Tentukan waktu "layar mati" setiap hari, di mana semua perangkat diletakkan di tempat pengisian daya dan tidak tersedia hingga hari berikutnya. Strategi ini harus berlaku untuk semua anggota keluarga, termasuk orang dewasa, agar efektif. Dengan begitu, seluruh keluarga dapat beristirahat dari gadget dan lebih fokus pada momen bersama.

Sediakan alternatif kegiatan yang menarik untuk mengisi waktu luang anak. Dorong aktivitas yang membuat anak bergerak atau memicu kreativitas, seperti kerajinan tangan bertema liburan, bermain di luar ruangan, atau membangun benteng di dalam ruangan. Rencanakan kegiatan keluarga seperti permainan papan, membaca bersama, atau membuat kue.

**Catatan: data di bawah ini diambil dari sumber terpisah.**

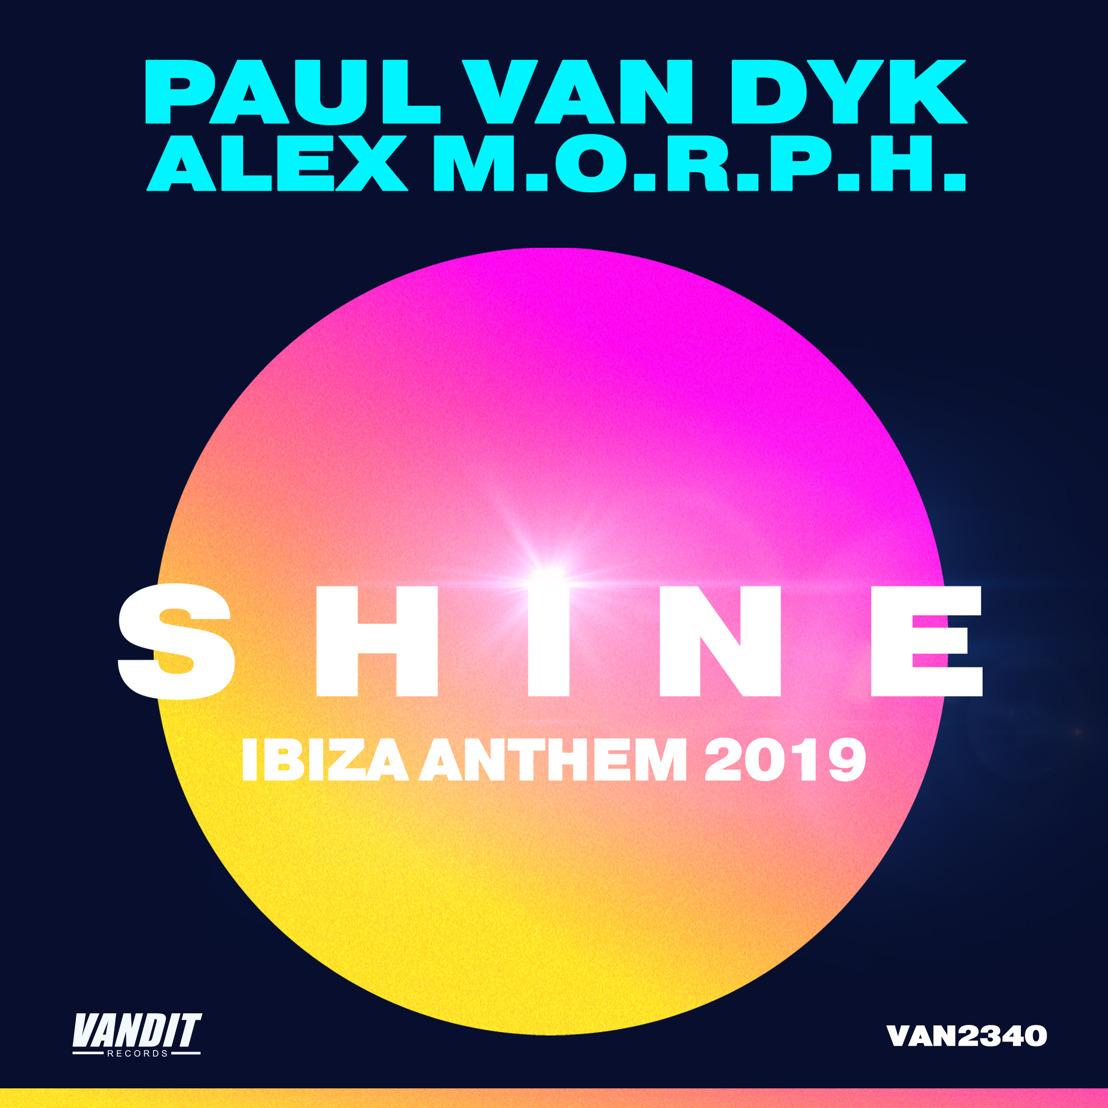 Paul van Dyk Releases SHINE Ibiza 2019 Anthem

Aktivitas fisik sangat penting untuk perkembangan anak dan kesehatan mental mereka.

5 dari 5 halaman

Peran Orangtua dan Teknologi Pendukung dalam Pengelolaan Scree Time

Sahabat Fimela, anak-anak belajar dari contoh. Oleh karena itu, orangtua harus menjadi teladan yang baik dalam mengelola penggunaan gadget mereka sendiri. Jika orangtua selalu menggunakan ponsel mereka, anak-anak juga akan ingin melakukan hal yang sama. Letakkan ponsel saat makan, hindari "doom-scrolling" di depan anak-anak, dan tetapkan batas waktu layar Anda sendiri sebelum tidur.

Bangun rutinitas harian yang mencakup waktu untuk tugas rumah, bermain di luar ruangan, aktivitas kreatif, dan makan bersama keluarga. Pertimbangkan untuk menerapkan sistem di mana screen time harus didapatkan, bukan diberikan tanpa syarat. Berikan tugas harian sederhana, dan berikan waktu layar hanya setelah tugas-tugas ini selesai. Sistem token atau chip juga bisa digunakan, di mana setiap chip mewakili sejumlah waktu layar tertentu yang dapat ditukarkan anak kapan pun mereka mau.

Manfaatkan alat teknologi yang tersedia untuk membantu mengelola screen time. Gunakan kontrol orangtua, pengatur waktu aplikasi, dan laporan aktivitas untuk memantau dan membatasi waktu layar. Yang tak kalah penting adalah komunikasi terbuka. Lakukan percakapan yang jujur dengan anak-anak tentang bagaimana, kapan, dan mengapa layar digunakan. Ini membantu mereka merasa didengar dan dihormati, serta memahami dampak penggunaan layar yang berlebihan, seperti potensi masalah kesehatan mata. AAP juga merekomendasikan pembuatan Rencana Media Keluarga untuk memfasilitasi diskusi tentang penggunaan media yang aman dan praktis yang sesuai dengan kebutuhan spesifik keluarga.